Pharmaceutical colonialism in Africa

Big drug companies are conducting clinical trials in Africa with no consideration for ethics, the health of patients or the relevance of the drugs to the needs and the pathology of the continent. Nobody is testing traditional medicine to see if it works, and how.

by Jean-Philippe Chippaux 
August 2005

Novofir is an antiviral drug developed by the United States biopharmaceutical company Gilead Sciences to combat Aids. The US government and the Bill and Melinda Gates Foundation paid for the organisation Family Health International to carry out clinical trials in Nigeria. But in March 2005 serious ethical shortcomings caused their suspension. Trials were also halted in Cameroon (February 2005) and Cambodia (August 2004) (1), but continue in Thailand, Botswana, Malawi, Ghana and the US.

In 2001 30 Nigerian families sued another US pharmaceutical company, Pfizer, in New York over trials of Trovan, an antibiotic to combat meningitis.
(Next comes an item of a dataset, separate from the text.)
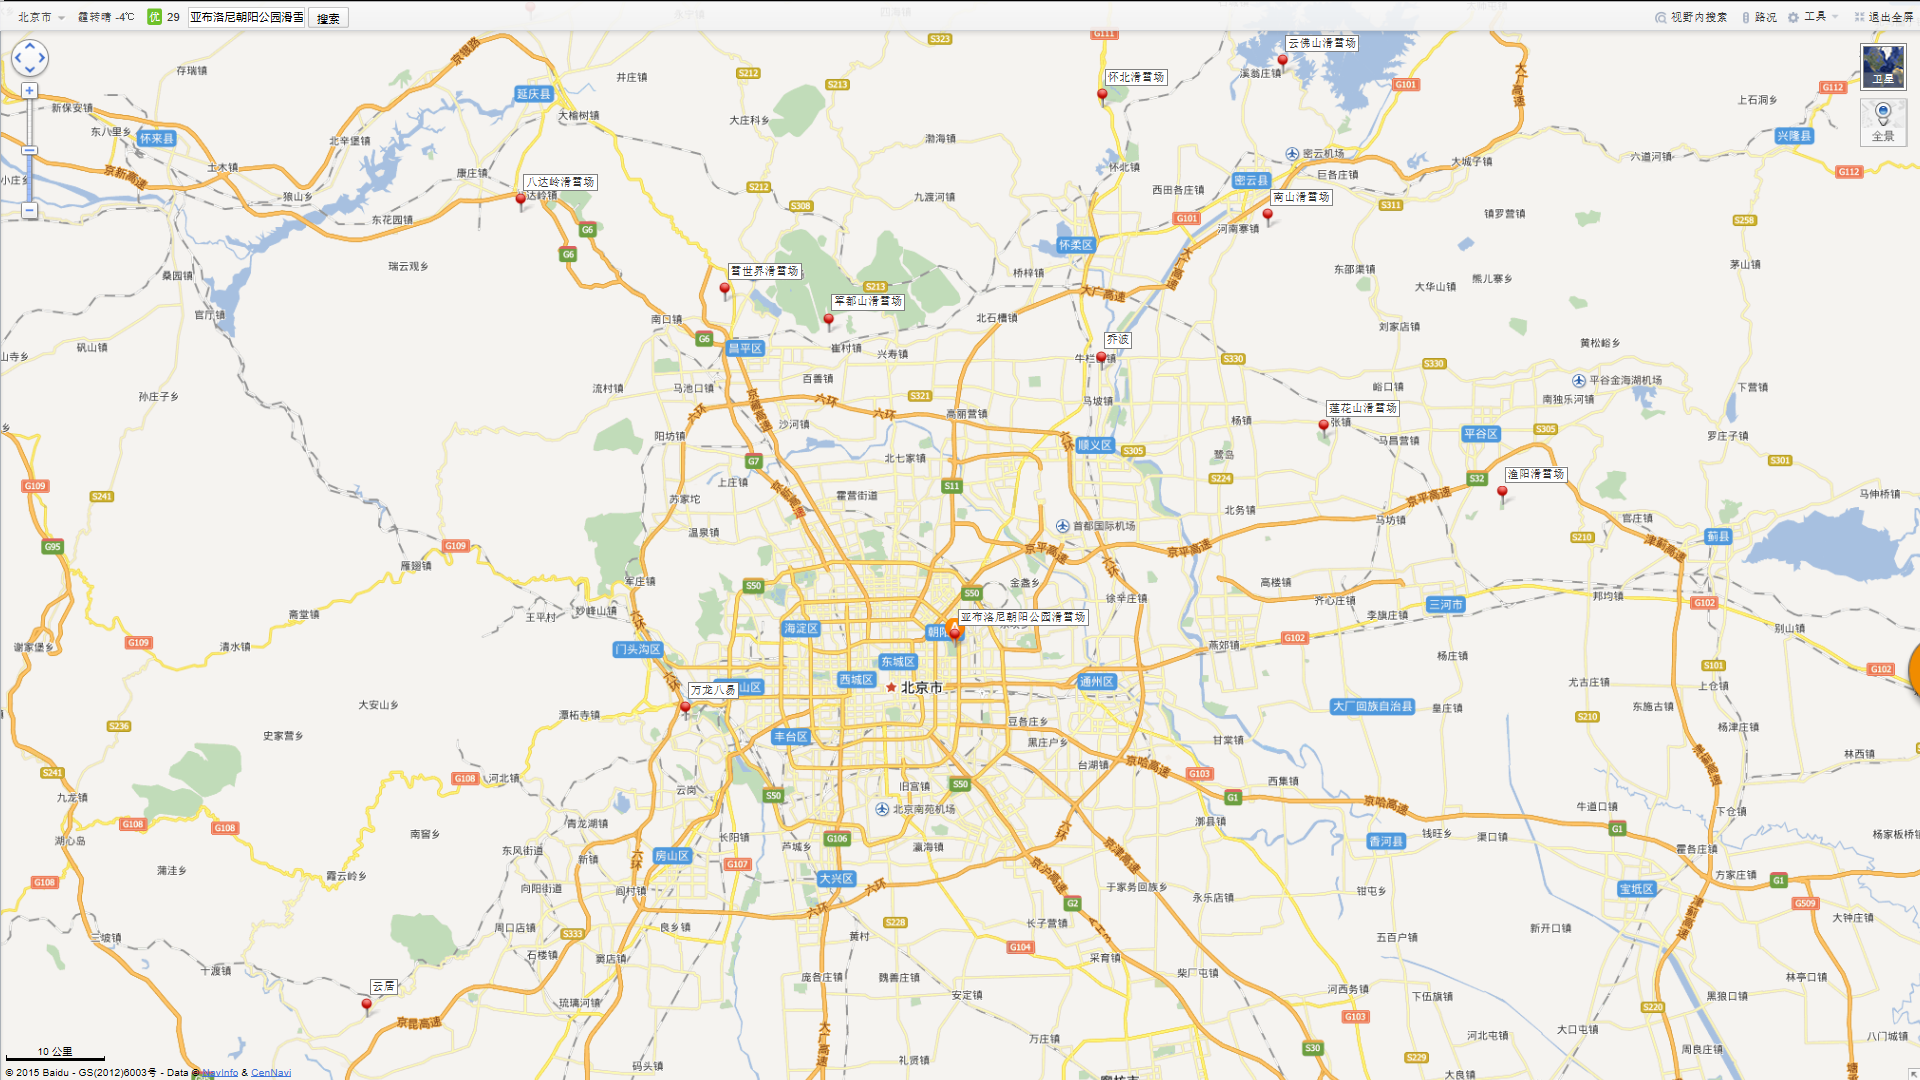 把北京周边滑雪场在地图上标了一下,供大家参考图片

In the course of the study, during an epidemic in 1996, 11 children out of 200 died and others suffered brain damage and paralysis (2).

The developing world is now a place where pharmaceutical companies ignore ethical considerations and the health of patients. Without the informed consent of their subjects, who receive only the most basic information and usually inadequate therapeutic supervision, they conduct clinical trials with limited benefits to specific patients or the local population as a whole.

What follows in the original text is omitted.